The plastics or polymers industry was for many years a hidden industry. Nobody knew much about the plastics business because it was sandwiched between oil and gas and a huge variety of finished goods.
But now, for all the wrong reasons, companies that produce the polymers that go into everything from plastic bottles and films to Tupperware containers, disposable coffee cups and plastic bags are being recognized by legislators and the general public. This is the result of the huge pushback against the scourge of plastic rubbish in our rivers and oceans.
The polymer producers—companies such as ExxonMobil, Chevron Phillips Chemicals, LyondellBasell Industries and Dow Chemical—make a wide array of different types of polymer pellets from raw materials derived from oil and gas. Traditionally, their job ended once they shipped polymer pellets to the plastic converters or fabricators, which are the companies that melt down the pellets to form them into plastic pipes, bottles, films, bags, etc.
From the birth of the modern plastics industry in the 1950s, nobody gave much thought to the environmental impact of what the polymer companies did. That’s now changed. Polymer producers are under public and legislative pressure to find technically and economically more efficient ways of recycling plastics.

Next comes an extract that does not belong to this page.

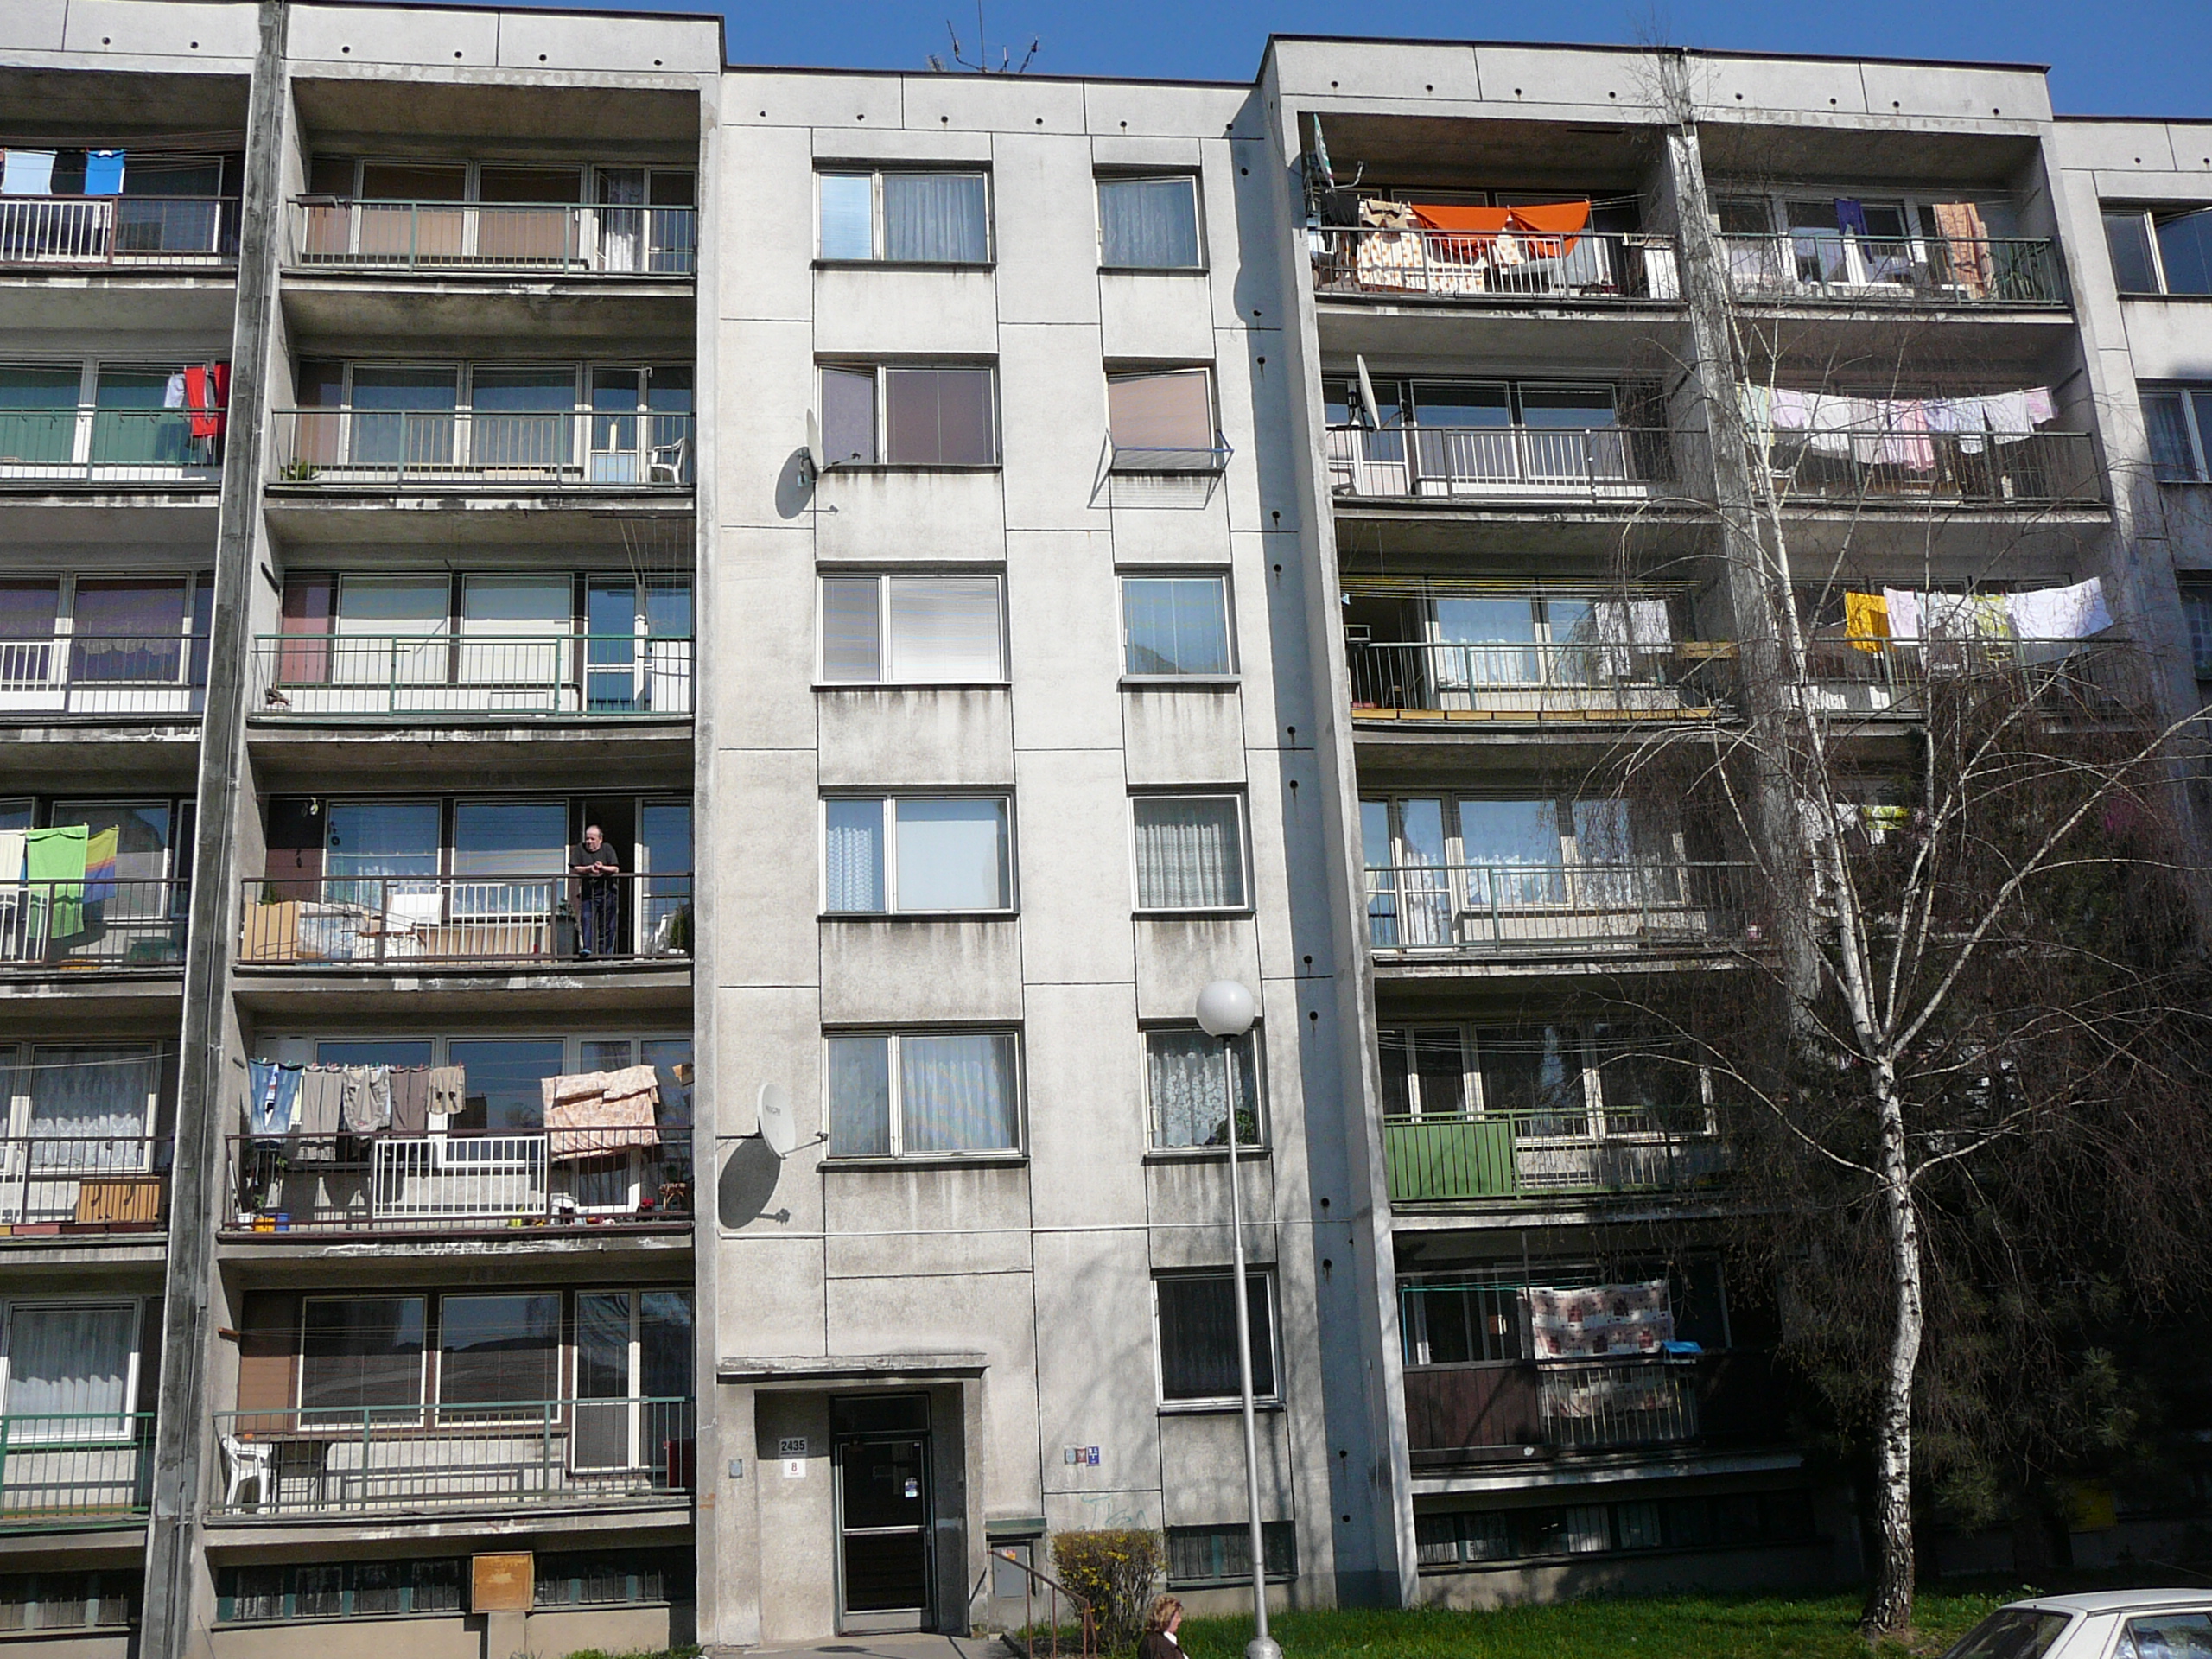 Dům před rekonstrukcí v roce 2007.P1000543.JPG

Retailers, including major supermarkets, are introducing bans on plastic packaging, replacing it with more recyclable packaging made from paper and aluminium. There have also been numerous government initiatives, across both the developed and developing world, to ban certain applications of plastics entirely—such as the ubiquitous and much-maligned supermarket shopping bag, which is made from polyethylene (PE).
Three Scenarios for Polyethylene
The core of the disposal problem centers on eight rivers in Asia and two in Africa. A 2018 study by the Helmholtz Centre for Environmental Research estimates that 90 percent of the plastic rubbish in the world’s oceans comes from these 10 rivers.
Polyethylene is the type of plastic most heavily used in disposable or “single-use” packaging, and it is the polymer or plastic most exposed to the plastic rubbish crisis, since more than half of its end-use applications are single use. The growth of PE demand since its invention in the 1930s, when it was first used to insulate radar cables, has been quite staggering. The ICIS Supply & Demand data on PE goes back to 1978, when global consumption was just 11 metric tons. By 2018, it had reached 102 metric tons. Annual average percentage demand growth was at 5.7 percent.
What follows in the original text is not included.